I have an HR21 and my LCD is 1080p it changes when the format changes.


----------



## tonyd79 (Jul 24, 2006)

I noticed a lot of testing files on that channel. Includiing files name CC that I assume were closed captioning tests, files that had resoultion markers on them. And other things. 

I tried downloading college road trip but the audio was waaay out of synch.


----------



## merchione (Apr 28, 2008)

is anyone else seeing this channel? or is it just a test channel for some?


----------



## Jason Whiddon (Aug 17, 2006)

I have access to it (non CE HR20 700). Pretty cool, downloading lost boys tribe right now.

Dunnoe how long itll last but there is a few very new movies on their marked HD, I hope this means DOD is getting ready to speed up on its new pay HD movie additions.


----------



## MikeW (May 16, 2002)

I downloaded the R15 test of Mad Money. It plays fine through HDMI. When I try to play it on a TV connected via component, it tells me I need to replace my HDMI cable with component to view the programming. Not a typo on my side....the message is reversed. The content won't play with component.


----------



## Jason Whiddon (Aug 17, 2006)

Im almost finished with Lost Boys Tribe, seems to play ok in what Ive watched. Have a couple of more HD new releases in the Queue. Both are movies that should not be free, but they appear to be. Wonder if this is a mistake?


----------



## JoeTheDragon (Jul 21, 2008)

elwaylite said:


> Im almost finished with Lost Boys Tribe, seems to play ok in what Ive watched. Have a couple of more HD new releases in the Queue. Both are movies that should not be free, but they appear to be. Wonder if this is a mistake?
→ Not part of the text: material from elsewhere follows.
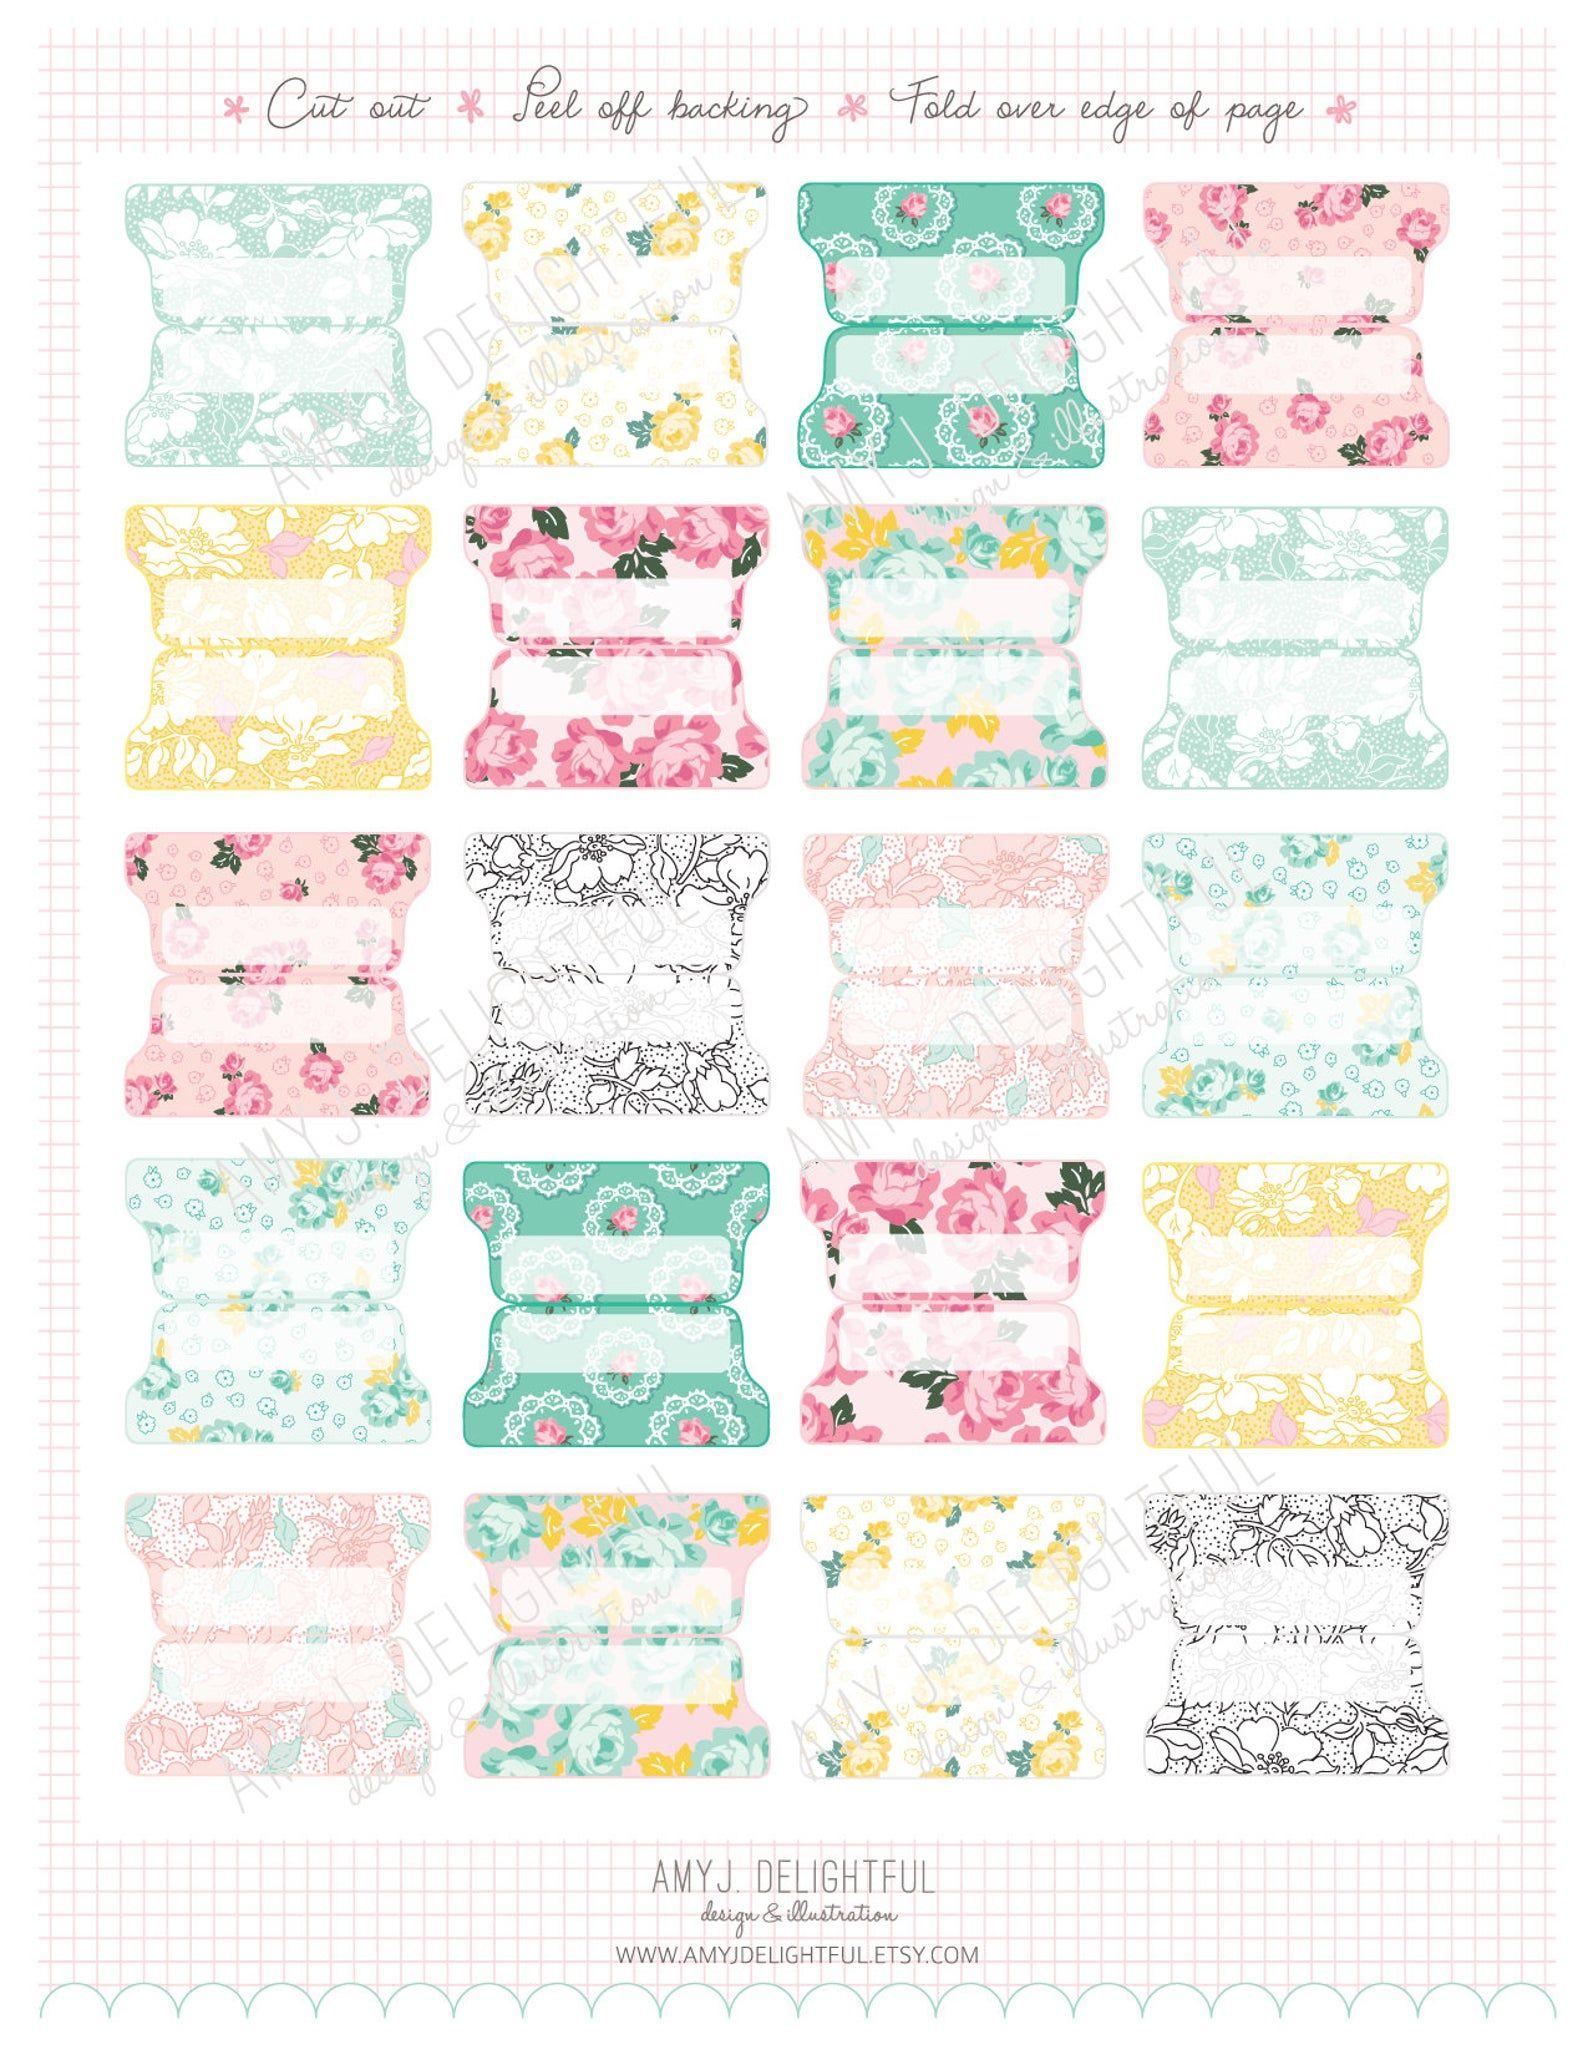 Small Size Printable 1940s Floral Planner File Tabs Digital File Instant Download Floral Pastels Home Management Organization Separadores De Carpetas Separador De Libros Divisores De Agenda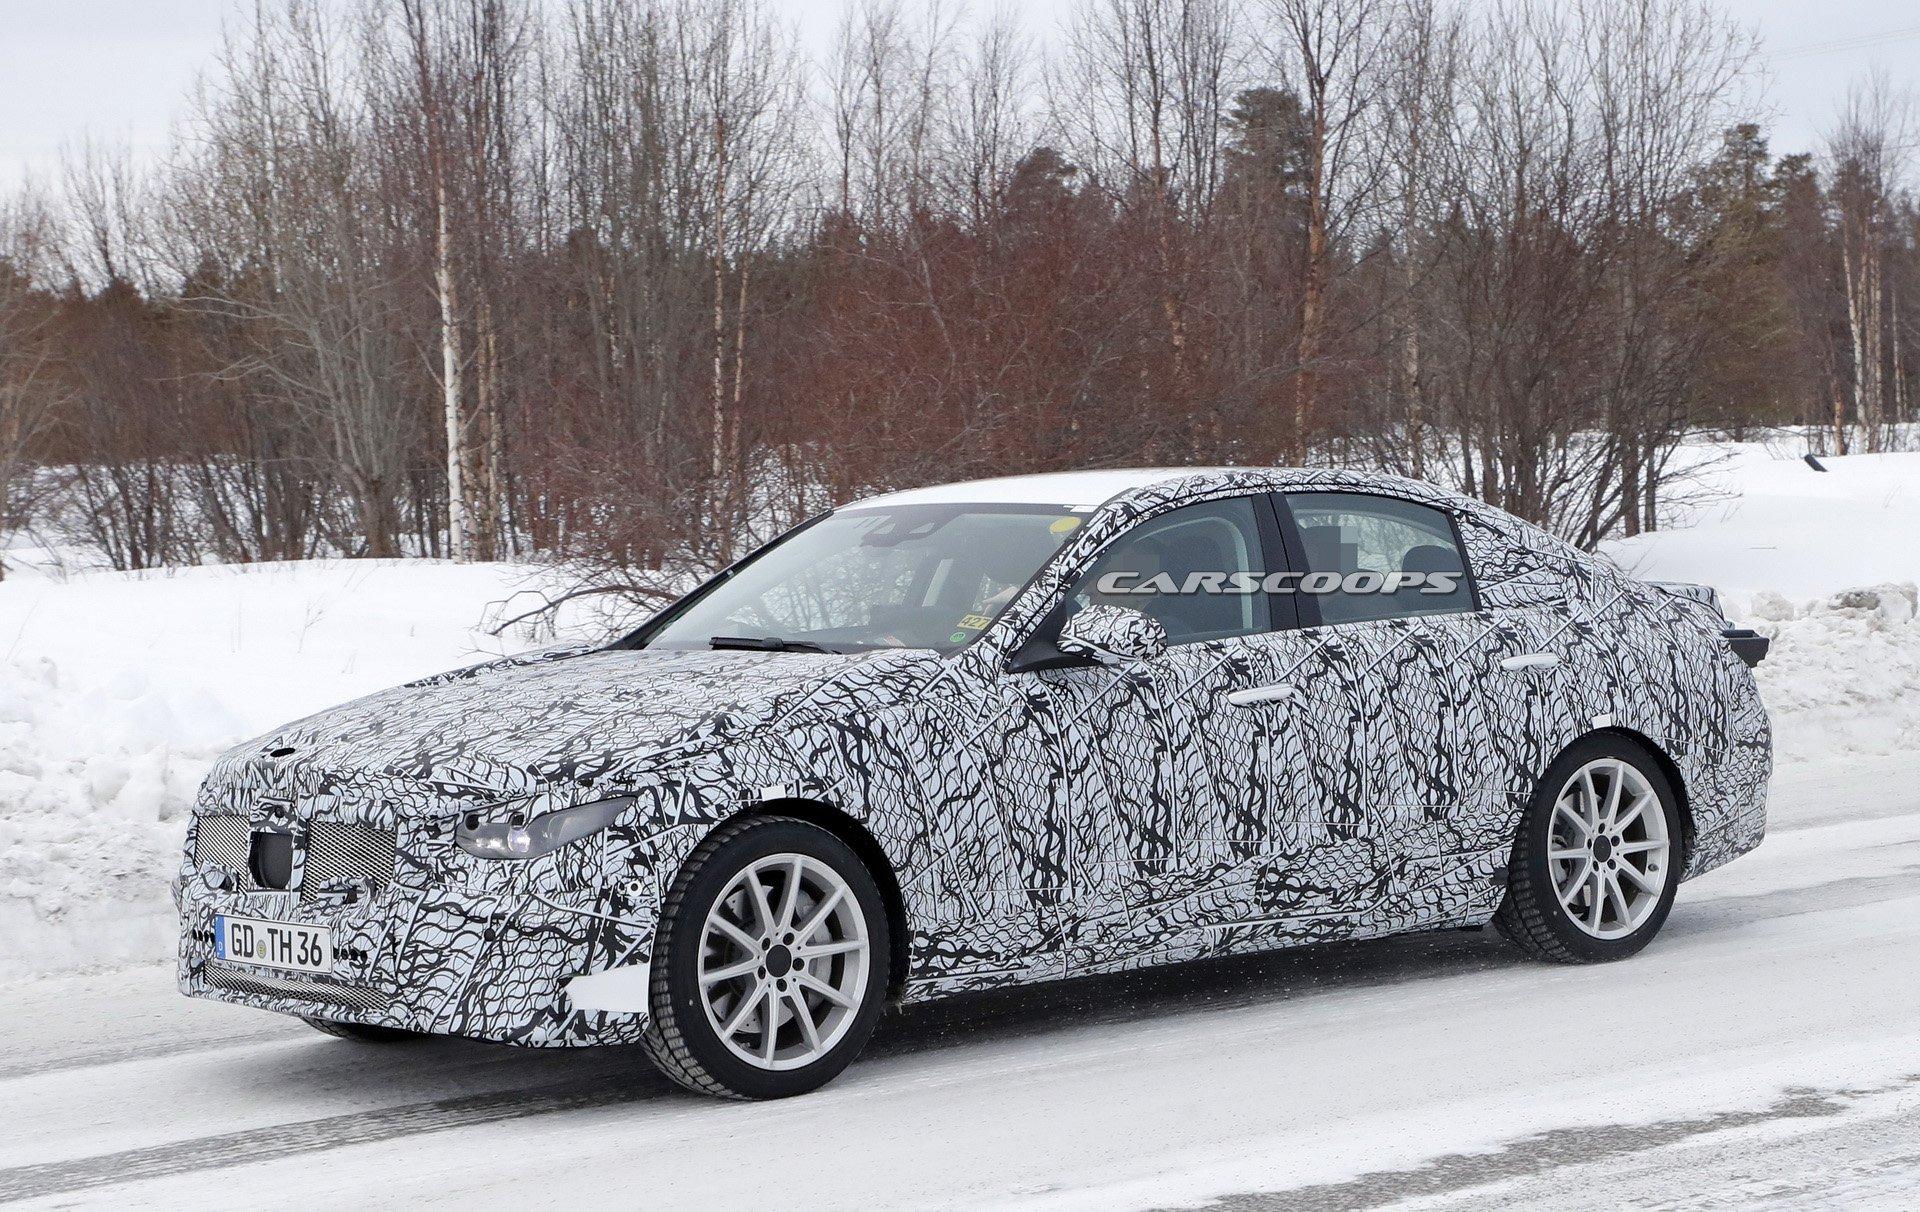 Nuova Mercedes Classe C ibrida plug-in foto spia

are they free or will you still get billed even if it says free?


----------



## davring (Jan 13, 2007)

Downloaded and watched "Felon", looked great. A free 2008 movie, and it was pretty good to boot


----------



## phat78boy (Sep 12, 2007)

They have a 1080P test for Showtime HD. I hope some of the networks do make 1080P versions of their shows available at some point.


----------



## Jason Whiddon (Aug 17, 2006)

Well, Lost Boys Tribe, Step Up 2 (HD) and Stop Loss (HD) all arrived fine. I skimmed thru them this morning. Wonder if theyll expire after 24 hours?

I can no longet get 1001.


----------



## gregjones (Sep 20, 2007)

Was 1001 visible on the online DOD scheduler? If so what was the name given to it?


----------



## Maverickster (Sep 20, 2007)

I only saw it through the Guide on the HR20. All the stuff I downloaded last night seems to have downloaded fine. Watched 21 last night (HR20-700, Latest NR/No CE, Native Off/1080i). Looked alright. Not as good as The Bucket List did (which I could only get on the online scheduler), but still okay.

Is it gone now?

--Mav


----------



## Jason Whiddon (Aug 17, 2006)

Mine was gone at 0545 this morning.


----------